Черничное варенье так и осталось нетронутым…
Или, допустим, звонит и спрашивает номер моей карточки. Чуть погодя приходит уведомление о списании не вполне скромной суммы в пользу какого-то гонконгского интернет-магазина с непроизносимым названием почти из одних гласных. При встрече, я интересуюсь сделанной покупкой – к искреннему удивлению дочери, полагавшей, что это имело место столь невозможно давно – целых две недели назад! – что какие-либо обсуждения попросту неприличны. Так что это было? Да так, ничего, ерунда. А все же? Ну, там для Василия один гаджет. (Произносит вовсе незнакомое мне слово.) А зачем он? Ну, так… ты все равно не поймешь… вот он курит трубку и ему надо бла-бла-бла-бла. Иначе будет – бло-бло-бло-бло… В общем, я действительно мало что понял – но уточнять и впрямь охота отпала…
Наверное, я плохой отец. Оставив трехлетнего младенца матери, выпорхнул на свободу веселым чижом – впрочем, как все или, по крайней мере, как многие вокруг – ничего выдающегося, ей-богу. Нет, я не прятался от ответственности, боже упаси, – я принимал участие в том, в чем надлежало принять участие, я давал деньги, я тратил время и нервы в розницу и оптом, я даже пытался, поминутно приходя в отчаянье, что-то дельное вложить в эту кудрявую головку. Впрочем, однажды мне все-таки надоело стучаться в нарисованную дверь, и я сменил педагогическую манеру, разом обуздав в себе гордыню и амбиции. И с этого дня – слегка за шалости бранил… и в цирк водил… ворча сердито, кусая длинный ус… Я до сих пор не знаю, правильно ли тогда поступил – но всякий раз, когда с моей карточки неожиданно списывается некруглая сумма, а после раздается виноватый телефонный звоночек – я, наряду с неизбежным раздражением, чувствую на дне души еще и некое странное удовлетворение, словно бы стал богаче, а не наоборот. Expendo ergo sum.
С Кариной они, конечно же, не сошлись. Я, впрочем, с первых дней предчувствовал, что именно так и окажется – стилистическая интуиция все-таки редко меня подводит. Шанс проверить ее, однако, выпал не скоро: прошел месяц, а то и полтора, прежде чем та и другая оказались в моем доме одновременно. Оно и немудрено: дочкины визиты, столь нечастые и стремительные, почему-то всякий раз приходились на время Карининого отсутствия (и, скажем так, слава Богу!)
В общем, одним дождливым вечером обе дамы принуждены, таки, были разделить со мною трапезу.
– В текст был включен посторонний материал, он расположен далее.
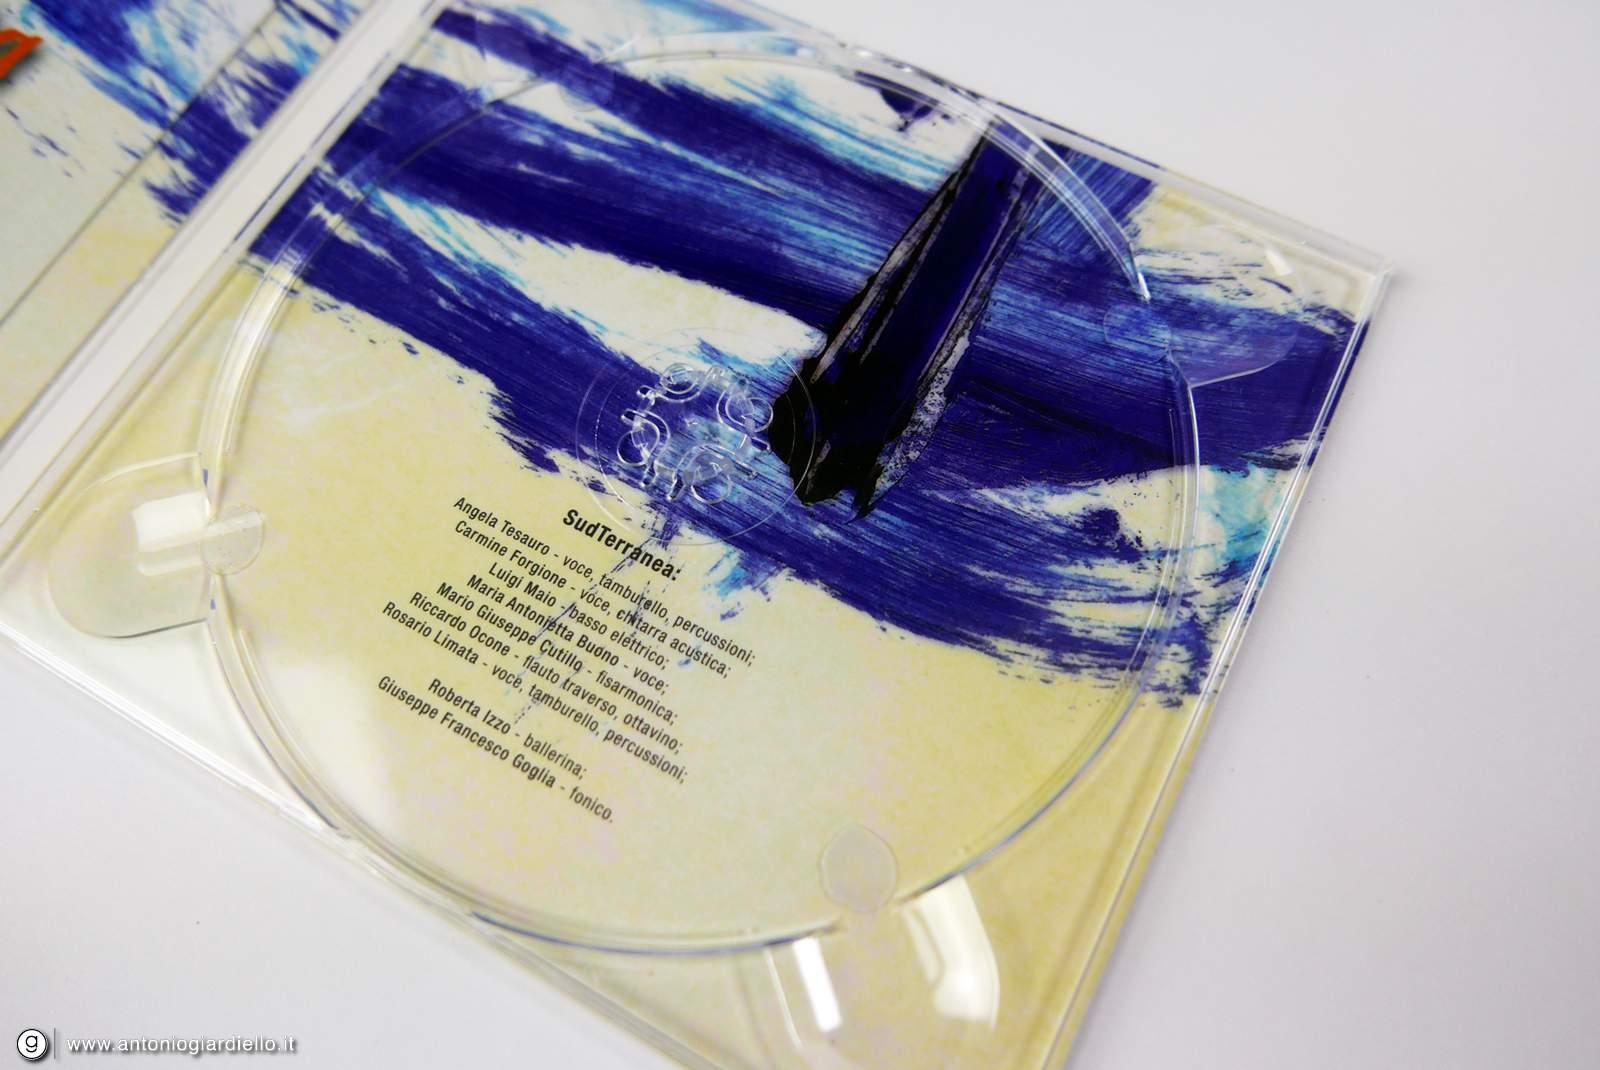 progettazione grafica album musicale poeticamente scorretto dei sudterranea14.jpg

Охлажденное Темпранильо не помогло: Галка несла большей частью какую-то вымученную ахинею, задавала гостье странные, несвязанные друг с другом вопросы, Карина отвечала невпопад, как студентка, решившая во что бы то ни стало провалить экзамен – при этом краснела, опускала глаза, теребила что-то у себя в тарелке – короче, нервничала совершенно неподобающим образом. Я, как мог, старался выровнять ситуацию – что-то рассказывал все время, старался рассмешить, произносил тосты – но это было как мертвому компрессы: два одинаковых полюса у магнита обречены отталкиваться – хоть бы и не имели явным образом между собой противоречий.
Примерно в том же духе все шло и дальше – каждый раз побуждая меня вспоминать двоюродную тетку по материнской линии, которая ютилась когда-то в однокомнатной квартире где-то на Гражданке, но при этом держала двух кошек. Там, значит, было так: одна из кошек обитала в комнате, вторая – на кухне. Коридор же был общим пространством и обе зверюги перемещались по нему вполне расслаблено. Но, так как кормила их тетка все же на кухне, то комнатная кошка, приходя к своему корытцу… в общем, точь-в-точь моя Карина в присутствии дочери… даже не знаю, как детальнее описать…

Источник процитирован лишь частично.